Communication is presumably driven by the constant removal and restoration of
satisfactory (but not total) stability. There may even be some neurological
impulse to escape the stagnation of cognitive systems; boredom is naturally
unpleasant.
It should now be clear that no model of reading can
dispense with assuming heavy processor contributions, even to deal with the
surface text. Phrases, clauses, sentences, coherence, purpose — all these must
be enacted, not just found. Moreover, there must be operations for
contributing additional material. Spreading activation ensues without special
command when some element is placed in working memory, that is, its active
status “spreads” to other items closely associated in stored knowledge
(Collins & Loftus, 1975). Inferencing is done whenever there is a specific
discontinuity to be bridged. (See Warren, Nicholas, & Trabasso, 1979.) The
distinction that might be drawn (and not all researchers do so) is one of
directedness and conscious control. Though usually cited in dealing with
conceptual coherence, these two operation types might be envisioned as running
in any textual subsystem, and with any degree of scale or power. It would follow
that part of the problem-solving posited in my model is performed without effort
through spreading activation (cf. Ortony, 1978).
We must now confront the issue of automatization.
Following LaBerge and Samuels (1974, p. 295), we can define “automatic”

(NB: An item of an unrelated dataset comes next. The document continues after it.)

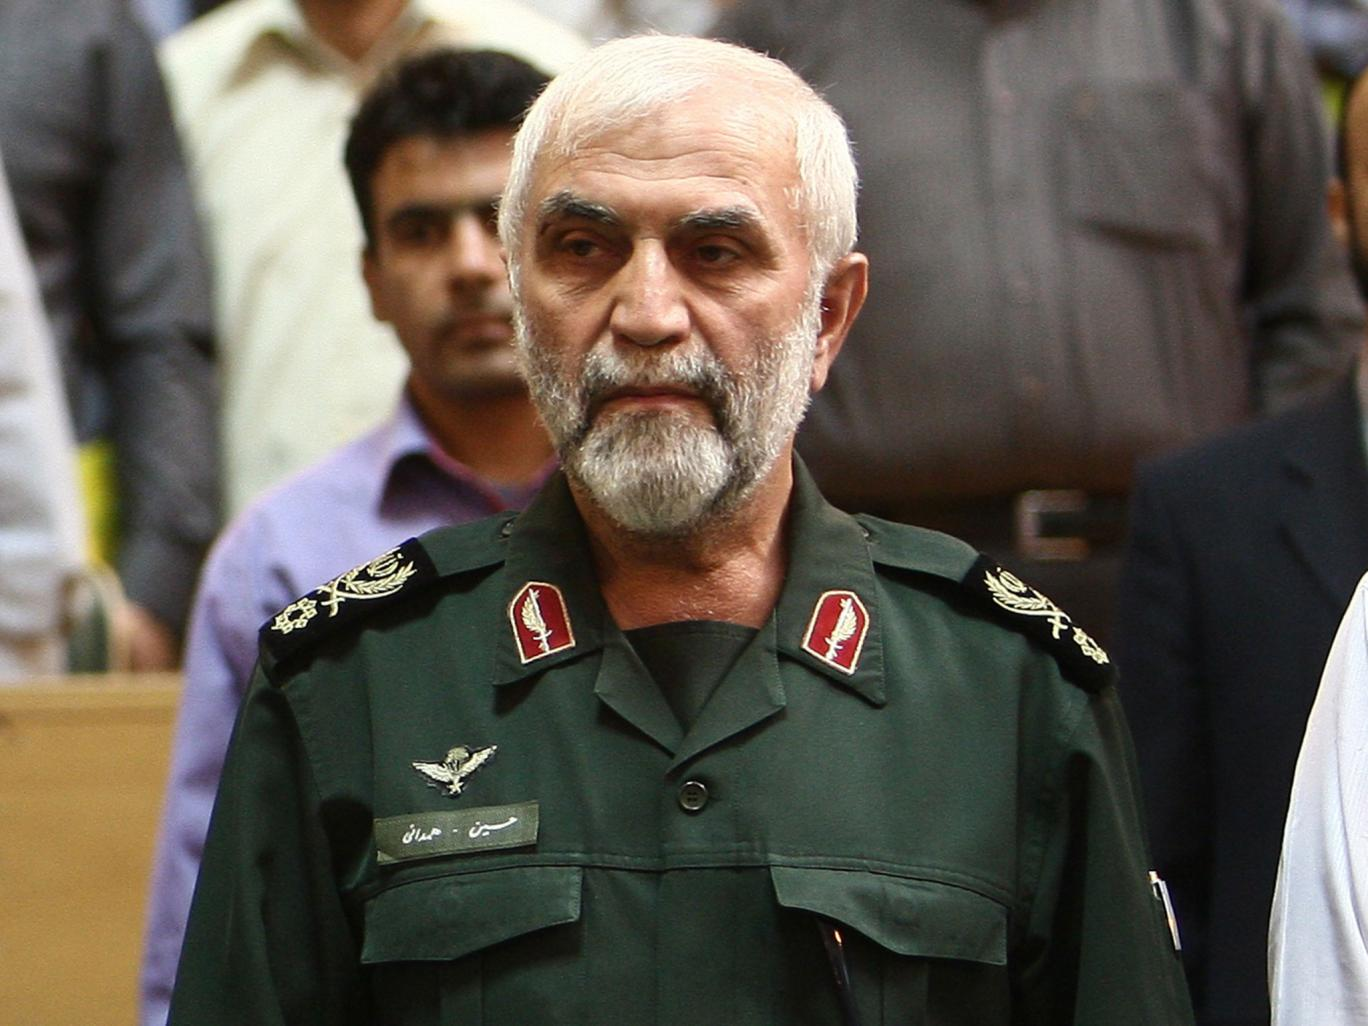 Hossein Hamadani

processes as those done “while attention is directed elsewhere.” If
“attention” is in turn defined as an expenditure of processing resources
that inhibits the potential for other tasks at the same time (Keele, 1973), we
can conclude that automatic processes do not compete with whatever other
operations the mind must perform simultaneously. Clearly, at least some areas of
understanding must run automatically, since the brain has a limited capacity for
complex tasks (cf. Posner& Snyder, 1975, pp. 64ff.). But it is probably too
strong to claim that it is all automatic (as Anderson & Bower, 1973, suggest
for memory). As a working hypothesis, it might be argued that conscious control
is retained over high-powered processing, while low-powered tasks are done by
automatized subroutines. Between the two domains there would be a flexible
threshold that moves up or down depending on how much time and attention can be
made available. A possible corollary is that most laboratory experiments tend to
manipulate this threshold and hence to yield unnatural results (cf. p. 302).